新聞ネタだったり、私自分の身のまわりのできごとであったり、ちょっと怖い話だったり、 「なぞなぞ本」 から問題を出したりと、たわいのない話がほとんどですが、季節を意識させるような話題になるよう心がけています。
都会の子どもたちは地方の子どもたちと違って季節感が乏しいからです。


先日、 「梅雨」 の話をしたときのことです。
今年は梅雨入りが5月中だったこと、梅雨入り直後は晴れが続いたこと、季節はずれの台風が日本に接近したこと、沖縄が平年よりかなり早く梅雨明けしたことなど、季節や気象に関する話にみんな興味を示していました。
そのとき、感性豊かな小学校3年生の女の子が、とても素朴な疑問を投げかけ、私はそれにはっとしてしまいました。

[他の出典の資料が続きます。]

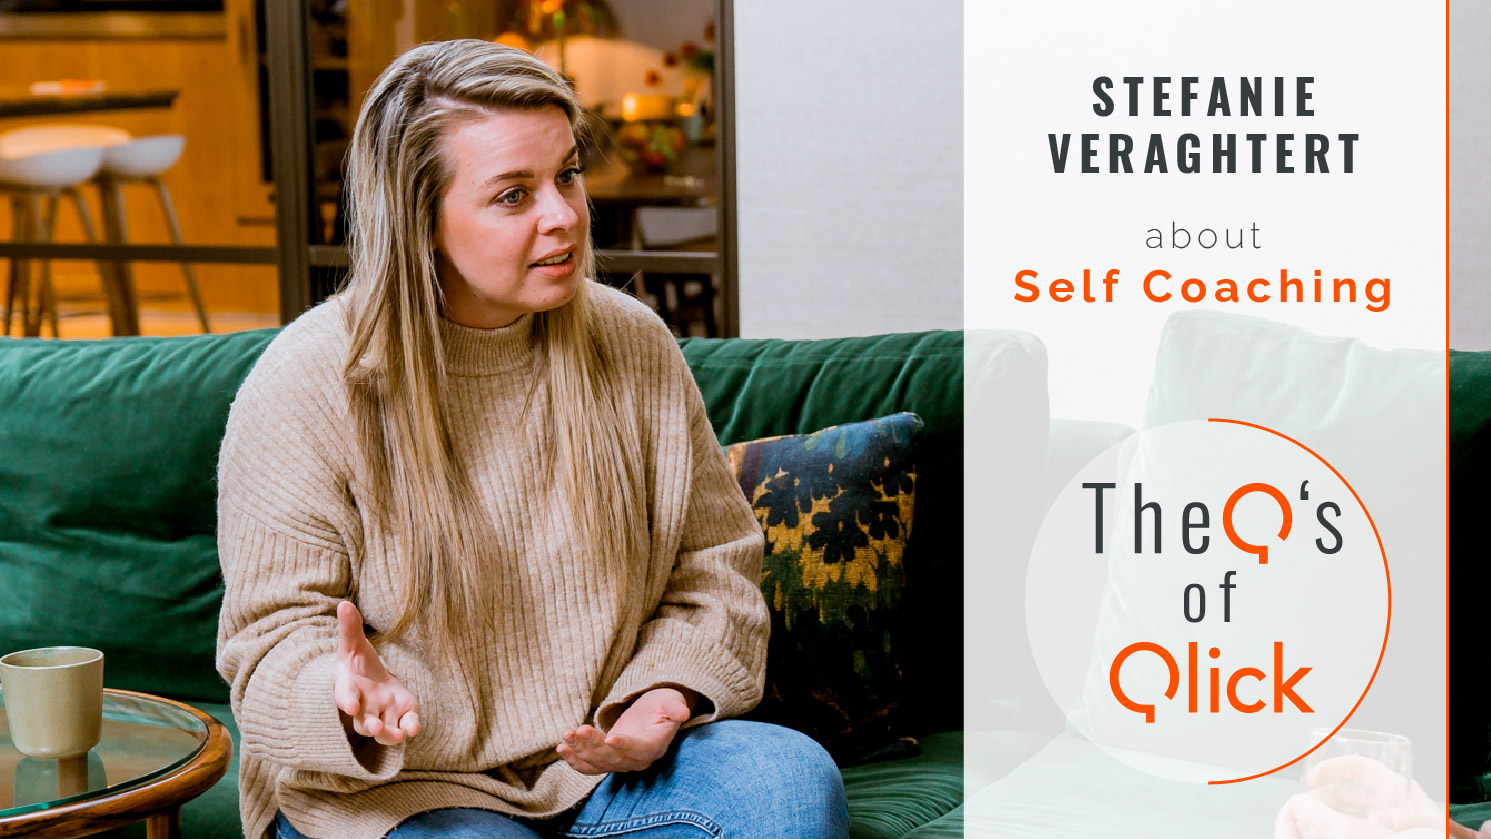 The Q's of Qlick: The importance of self-coaching as a leader

「ニュースで、今日からですよって言うと “つゆ” なの?」
「いっぱい雨が降ると “つゆ” って言んだと思ってた」

この女の子の指摘に、思いも寄らず、頭から水を浴びたような気持ちにもなりました。しかし、とても的を射ており、至極もっともなことであることに、その直後思わず「あっ」と声を出して気付きました。
気象庁の発表をもって、梅雨を認識するという前提が当たり前のように私の中にあったことを、この女の子は私に気付かせてくれました。


もちろん、理科的には 「日本列島付近に停滞前線 (梅雨前線) ができる頃」 ということになります。生徒にもそう教えている一方で、心情的に、そもそも梅雨は “蒸し暑くてジメジメしていて嫌な季節だ” という感覚が大きく自分を支配しています。
そして、梅雨は日本列島の重要な水資源であり、空梅雨になったときの様々な悪影響を生徒に教えていることに矛盾めいたものを、はたと感じるのです。


折しも、数日前の新聞の投稿欄に 「梅雨入りの発表はいらない」 というタイトルの30代男性の投稿がありました。
そこには、 「梅雨の始まりや終わりは発表をもって押し付けられるものではなく、雨の多さや湿気の高さから人それぞれが感じればよいのではないだろうか」 というくだりがありました。
思わず膝を打ちました。まさにその通りだと。


さらに、こう締めくくっています。 「わざわざ発表しているのは梅雨だけだ。 (中略) 四季のある日本のよさや楽しみは、移りゆく季節を目や肌で感じられることだ。 (中略) いっそのこと、梅雨入りや梅雨明けの発表をやめてはどうか。自らの感覚で四季いや五季を楽しめばいいと思う。」 と。
いやはや妙に得心が行きます。


先の小3の女の子が言いました。
「私、雨ってけっこう好きなんだ」
「だって、葉っぱやね、カエルやカタツムリがなんか元気になるみたいだし、この前すっごくかわいい傘買ってもらったから・・・」
私よりもしっかり季節を感じて、何とも幸福感に満ちていました。